Starting in place of the injured Jimmy Garoppolo, who was inactive with a right shoulder injury, Brissett finished 11-of-19 for 103 yards while adding 48 rushing yards on eight carries and the touchdown.

He didn't turn the ball over as the Patriots played a field-position game and capitalized on the Texans' mistakes by turning two forced fumbles on kickoff returns into touchdowns.

Belichick was impressed with how Brissett, 23, rose up in prime time as the Patriots improved to 3-0 without the suspended Tom Brady.

"I think he handled himself great -- last week, this week, all week, every day," Belichick said. "He's done nothing but come in here and work as hard as he possibly can. He's just a hardworking kid that's really dedicated to doing what's right for the team and trying to improve. I'm glad we have him."

For his part, Brissett -- a third-round draft choice out of NC State at 91st overall -- confessed that he didn't have many nerves before the game.

"A lot of the veteran players stepped up and helped me a lot, just giving me confidence, the coaching staff gave me confidence, and everything went from there," he said.

The coaching staff, led by offensive coordinator Josh McDaniels, tailored the game plan to take advantage of Brissett's running ability -- he totaled 283 carries for 902 yards and 12 touchdowns at NC State (2014-15) and Florida (2011-12) -- by mixing some option-type plays into the attack.

The 27-yard touchdown was one such example, as Brissett ran to his right and found plenty of room to that side.

"I was just running until I got stopped, so it worked out how we planned, and I just had to make one guy miss at the end zone," Brissett said.
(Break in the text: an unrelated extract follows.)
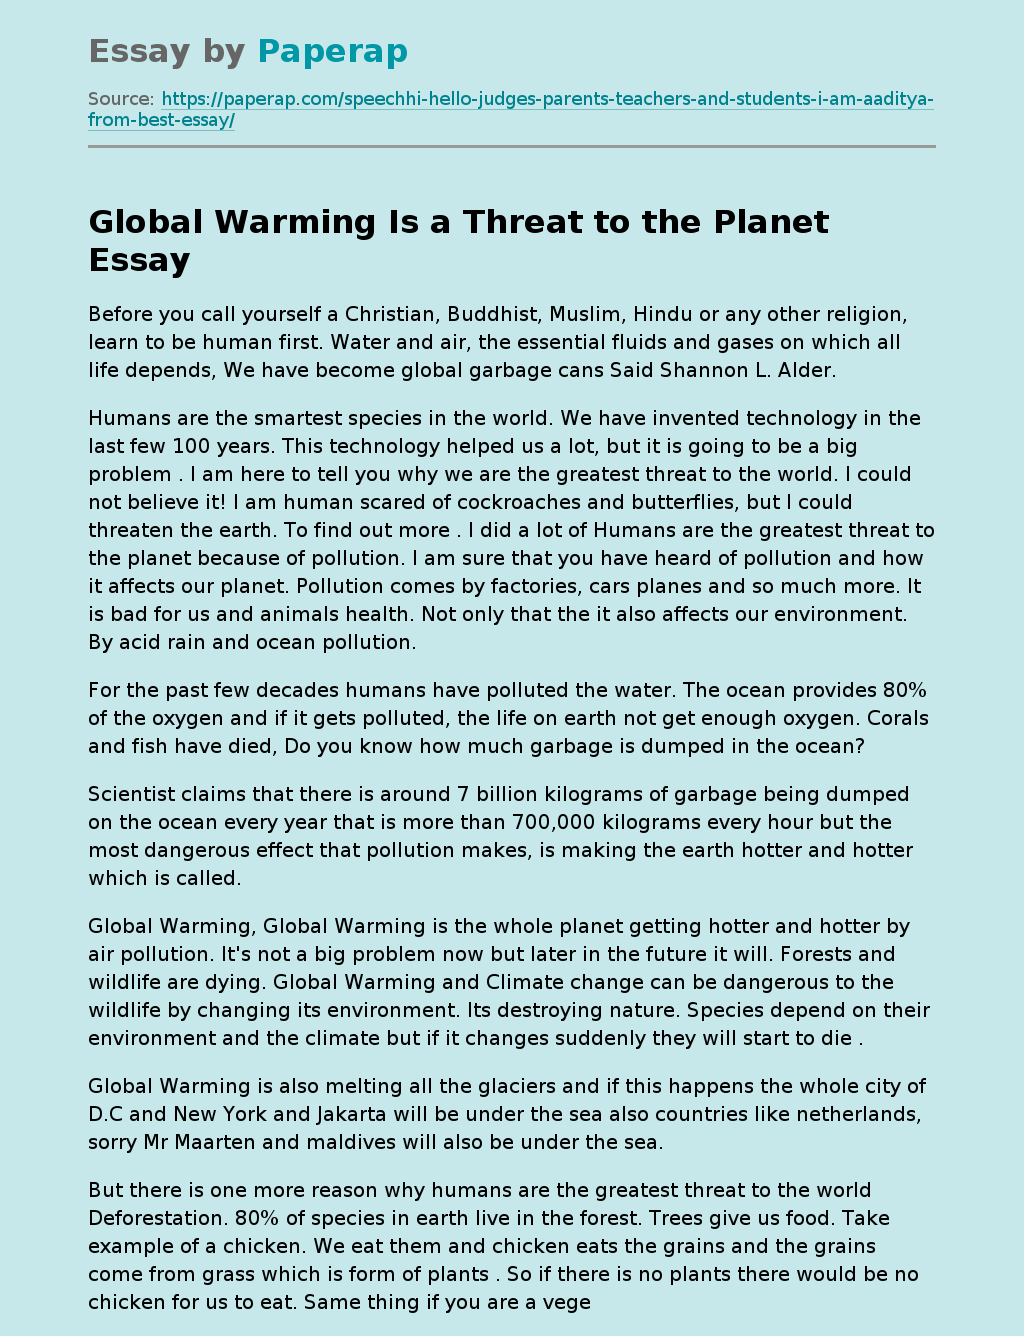 Global Warming Is a Threat to the Planet
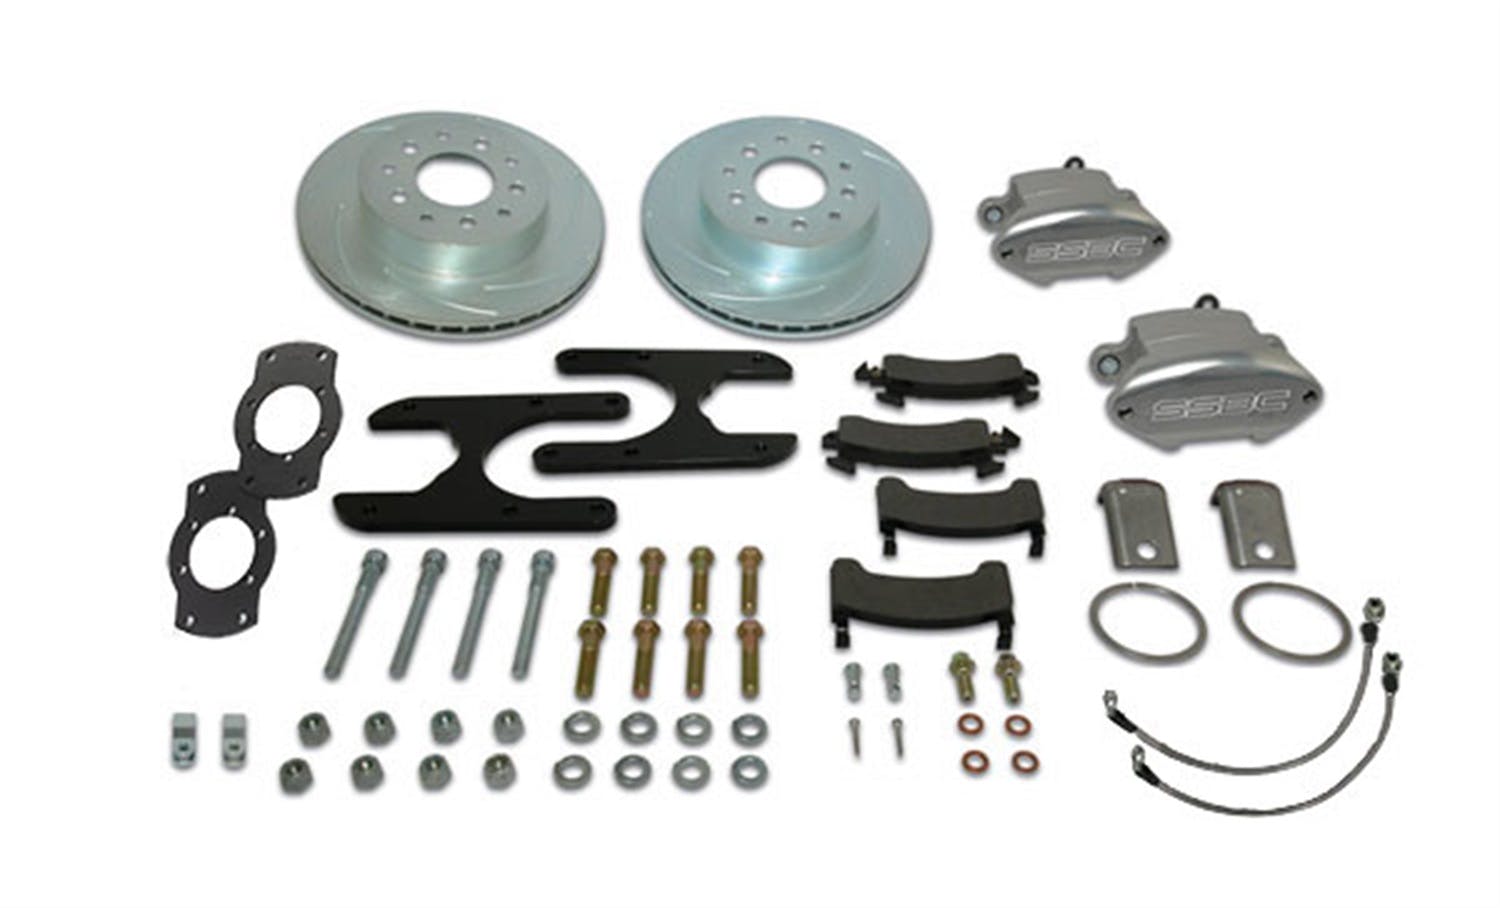 Stainless Steel Brakes A125-30BK Kit A125-30 w/black calipers

The touchdown helped the Patriots capitalize on good field position that was created when running back Brandon Bolden forced a fumble on a Charles Jameskickoff return that was recovered by safety Duron Harmon at Houston's 22-yard line.

A false start penalty on right tackle Marcus Cannon pushed the Patriots back to the 27, and that's when Brissett took off. He tucked the ball quickly after the snap and could have gone out of bounds near the end of the run but instead lowered his shoulder and powered his way into the end zone.

Brissett's touchdown cost one Las Vegas sportsbook a decent sum.

The QB was offered at 30-1 to score the game's first touchdown at MGM's sportsbooks. Jay Rood, MGM vice president of race and sports, told ESPN that his shop took enough bets on Brissett to cause a five-figure loss.

"Let's just say we were not rooting for that," Rood said.

The Patriots opened as a 2.5-point underdog earlier in the week at some books. The line moved in New England's favor leading up to kickoff and ended up closing at Patriots minus-1 at the MGM and pick 'em at other sportsbooks.

Despite the line movement toward the Patriots, the majority of the money bet was on the visiting Texans.

At William Hill's Nevada sportsbook, 61 percent of the money bet on the game was on the Texans. Sportsbook operator CG Technology and MGM reported similar action on Houston.

"If Pats hold on, all is good," Rood said before the game went final.

ESPN staff writer David Purdum contributed to this report.